Book 1 in the Parasitology series.
Sally Mitchell was in a car crash, suffered brain damage, but just as her family were about to agree to switching off the life-support she woke up. That was six years ago. Now Sally is Sal and she no longer remembers anything about her life before the accident. She has had to learn everything all over again, from talking to reading, to who her family, to manners and everything in between.
And that’s before we get to “the implant”.
I really enjoyed this book. If you liked Grant’s Newsflesh trilogy then you should pick this one up. I thought it was even better than Feed, although in many ways it is very different it has a similar feel to it. Feed was about the aftermaths of a zombie near-apocolyse. This is about the origins of a zombie-like rising. Set in the near future and about more than just the story.
The problem is I was so enjoying the read that I paid no attention to my progress and suddenly I was at 96% and then done! And Sal’s story has only just begun. I can’t really complain about that though, I knew it was the first book in a series when I started reading it.
Sal is what makes this story really come alive. She’s our first person narrator so if she wasn’t convincing the whole book would have fallen apart.  Luckily for the reader Sal was, to me, a great character. She’s naive and innocent on account of the whole, being on six years old, yet she is a grown adult struggling with that fact, and with her parents who don’t really know how to deal with her missing past either.
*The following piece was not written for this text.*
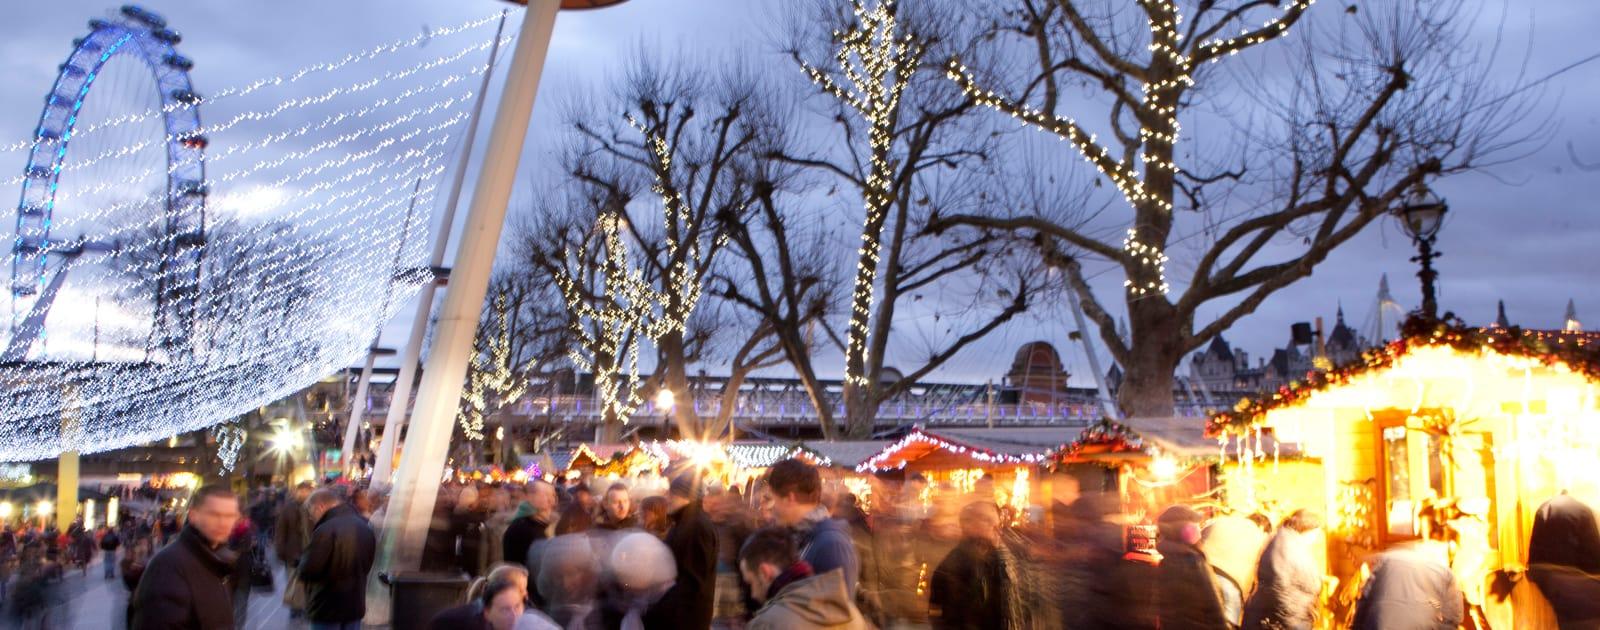 שווקי חג המולד - מה לעשות בלונדון בחורף?

I haven’t even started with the whole parasite of the title yet, have I? And I’m not going to, apart from to say that it is an interesting take on the zombie genre. If it really is an addition to that genre, I”m not entirely sure yet.
I’m not quite sold on the character of Tansy though, if you’ve read the book I think you’ll know what I mean, unless you love her that is? What I am totally sold on is the picture book that is constantly referenced in the book. Can someone please actually write and illustrate it and then get it published. It sounds wonderfully creepy.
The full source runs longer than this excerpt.